Fresque dansée, déjantée
Face à ce rouleau compresseur hyper référencé et terriblement efficient, il fallait une création tout aussi délirante et transcendante. En confiant à la chorégraphe argentine Ayelen Parolin le soin d’imaginer une nouvelle œuvre pour le répertoire de la compagnie, Petter Jaccobson a eu le nez fin. Drôle, burlesque, totalement déjanté, Malòn tient toutes ses promesses. S’intéressant tout particulièrement à ce que désigne aujourd’hui ce mot d’origine mapuche — l’un des peuples originaires du centre de la Cordillère des Andes —, une foule indisciplinée provoquant le désordre public, ou plus festivement, une bande d’amis débarquant à l’improviste et mettant la pagaille, elle signe un spectacle foisonnant qui semble partir dans tous les sens mais qui esquisse une fresque fantasque d’une folle beauté.
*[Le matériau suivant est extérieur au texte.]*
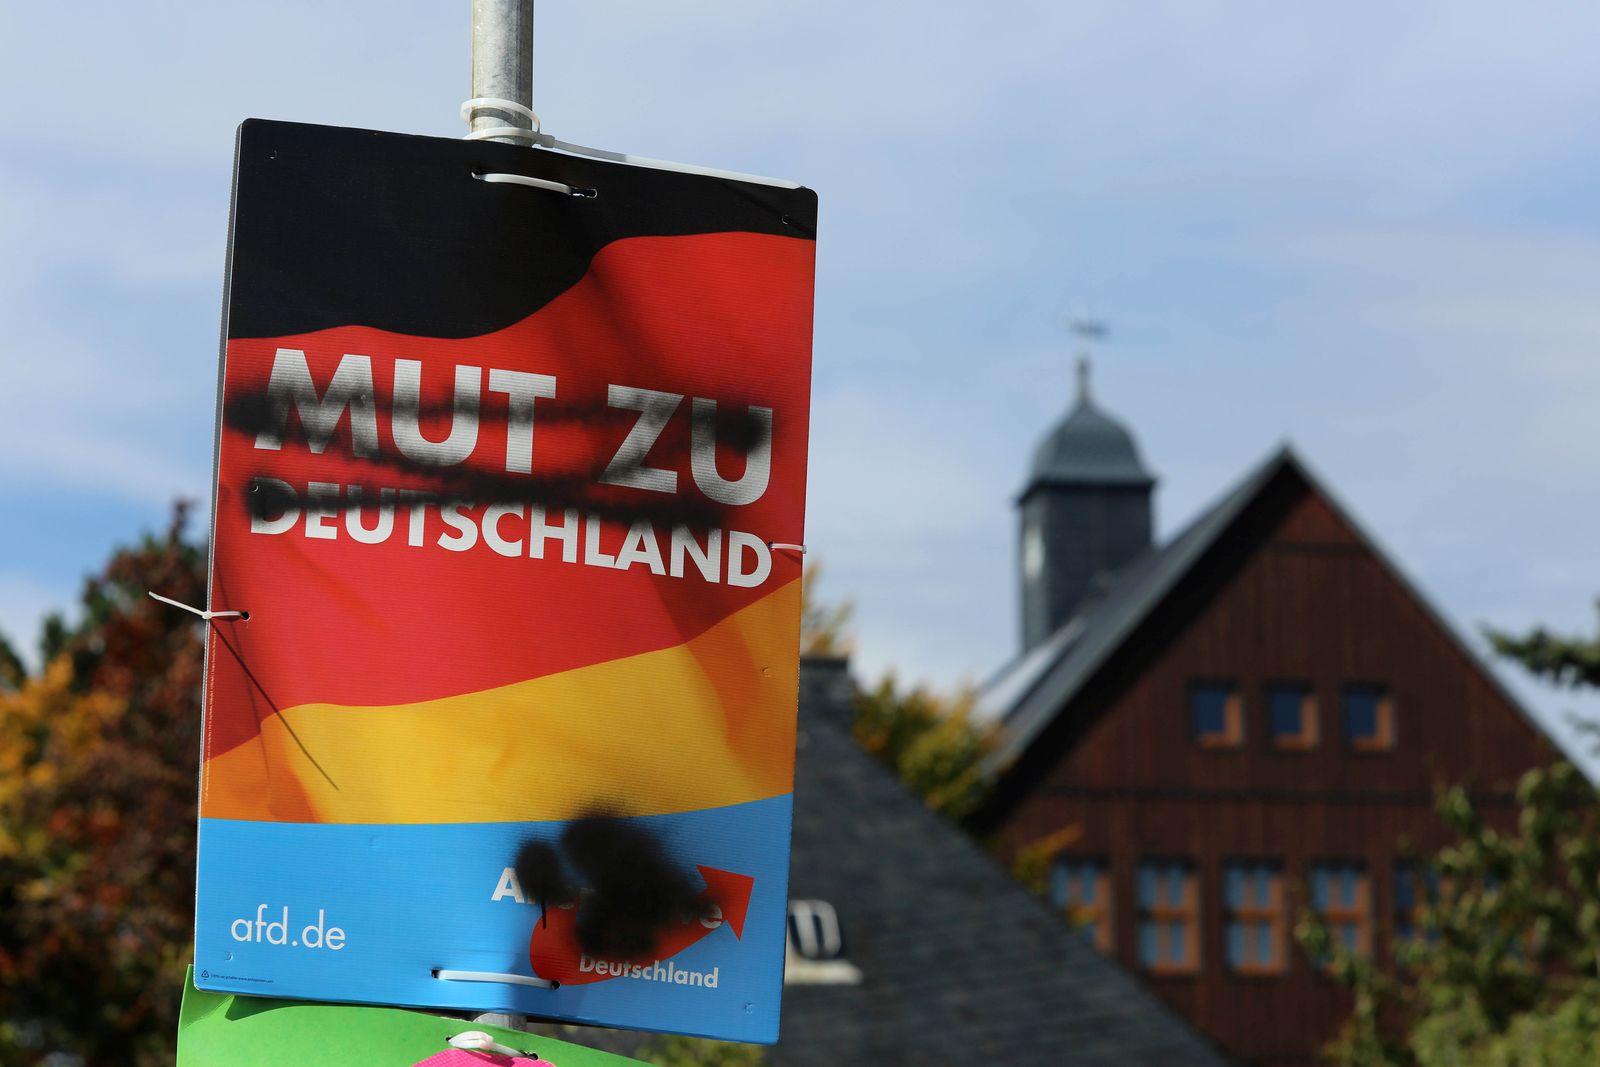 AfD-Wahlplakat / Altenberg

S’appuyant sur la virtuosité du corps de ballet et sur ses expressivités, Ayelen Parolin ose tout. Corps dégingandés, costumes rappelant autant des brassières de bébés que des maillots de plage de la fin du XIXe siècle, l’artiste, qui présente le 8 juin à Paris Zonder, un de ses standards, dans le cadre de June Events, s’amuse avec les codes, joue à décaler les regards et à briser les normes. Écriture dégenrée, grammaire aussi itérative que disparate, Malòn est une gourmandise à déguster sans modération. Un coup de cœur absolu !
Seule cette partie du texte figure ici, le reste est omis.